===== Extracted information

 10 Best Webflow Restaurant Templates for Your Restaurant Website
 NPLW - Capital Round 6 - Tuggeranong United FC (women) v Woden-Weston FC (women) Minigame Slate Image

==========
===== Extracted information

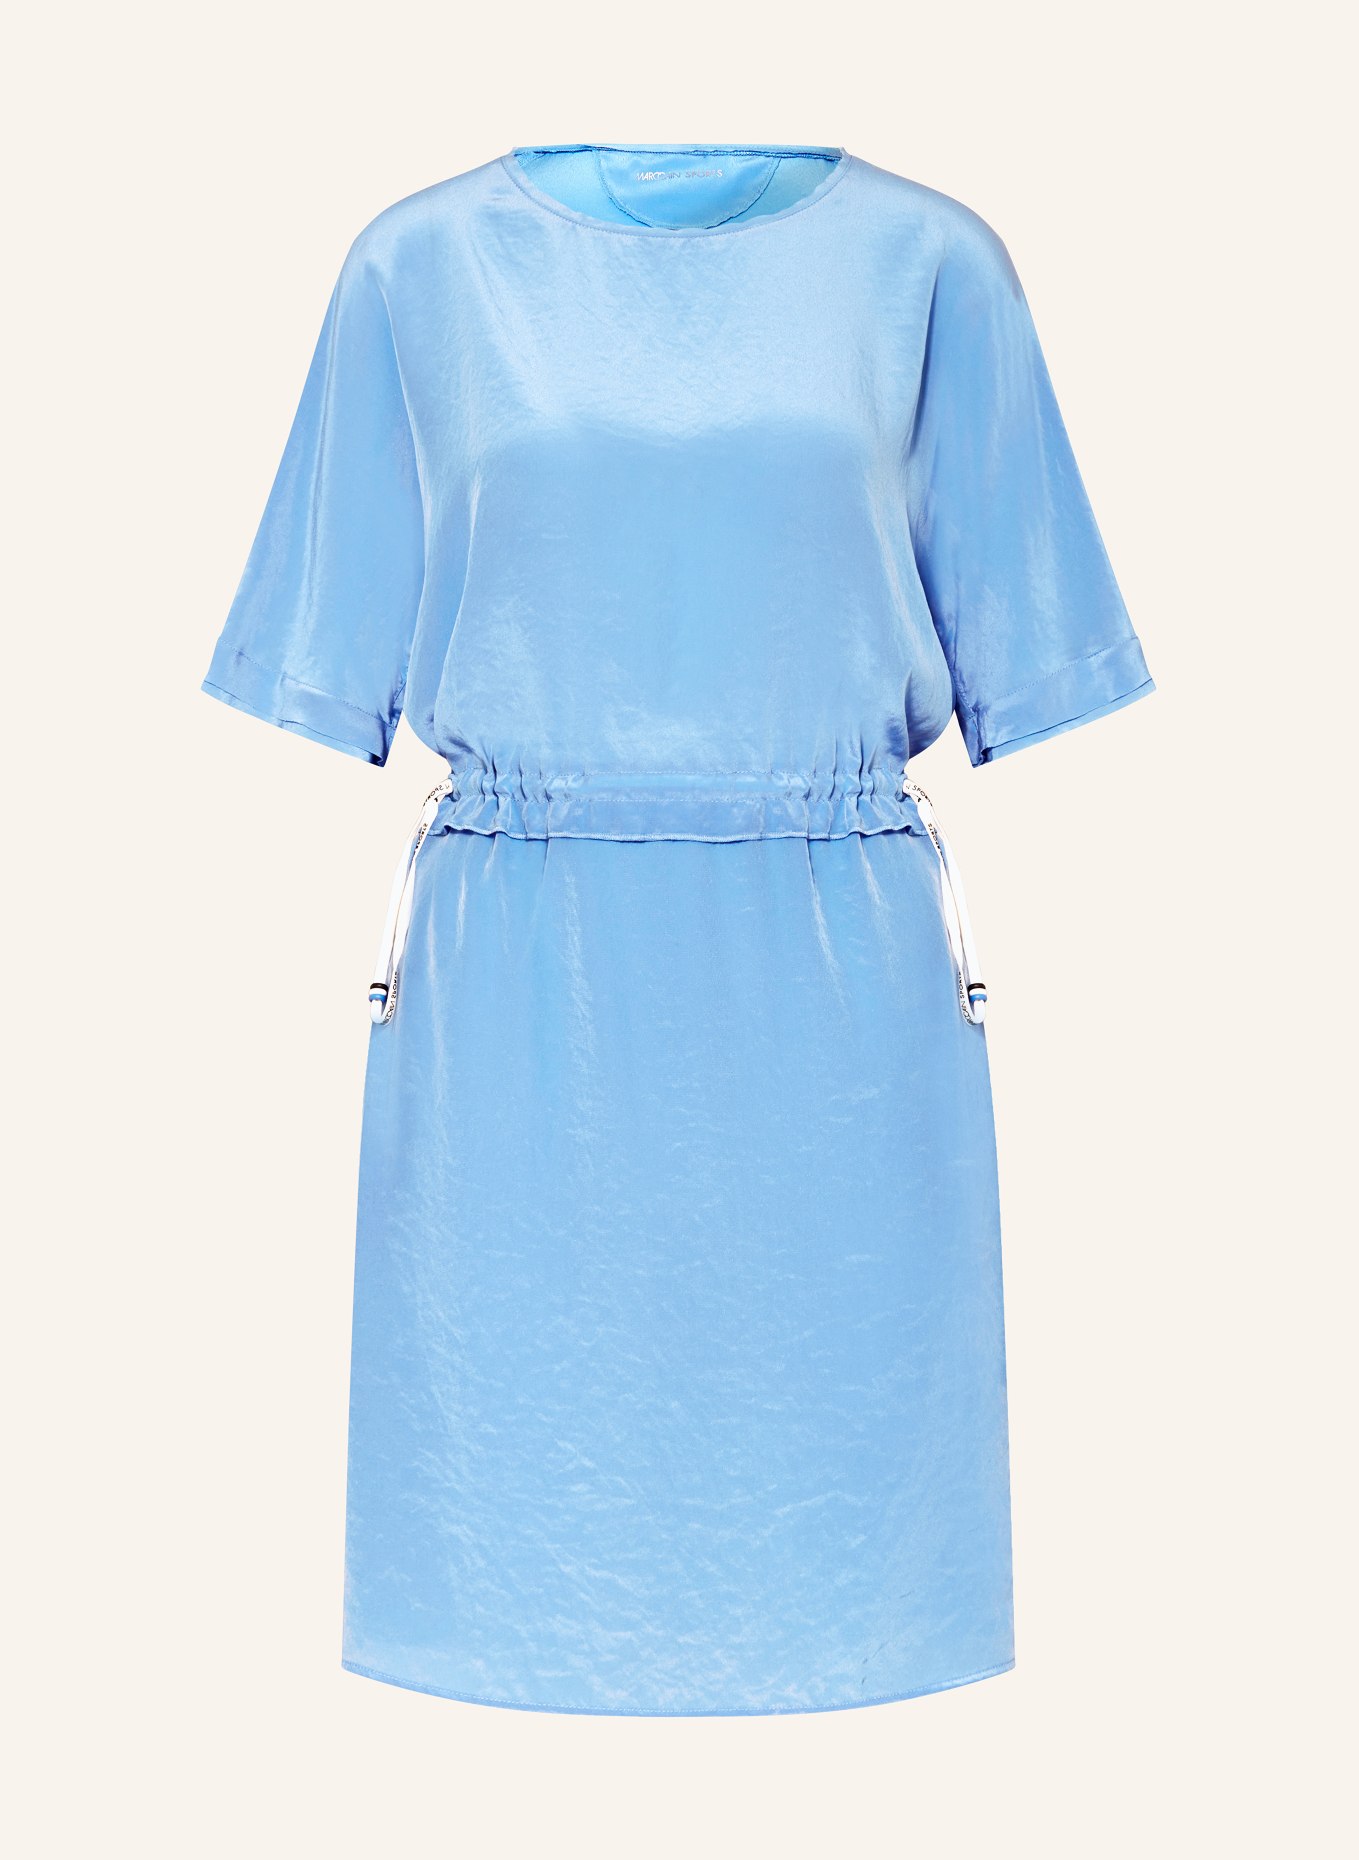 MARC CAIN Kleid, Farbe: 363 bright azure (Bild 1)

==========

What this task involves: Output the material above exactly, but only from the line that carries "10 Best Webflow" through the line that carries "NPLW - Capital".

Solution below:
 10 Best Webflow Restaurant Templates for Your Restaurant Website
 NPLW - Capital Round 6 - Tuggeranong United FC (women) v Woden-Weston FC (women) Minigame Slate Image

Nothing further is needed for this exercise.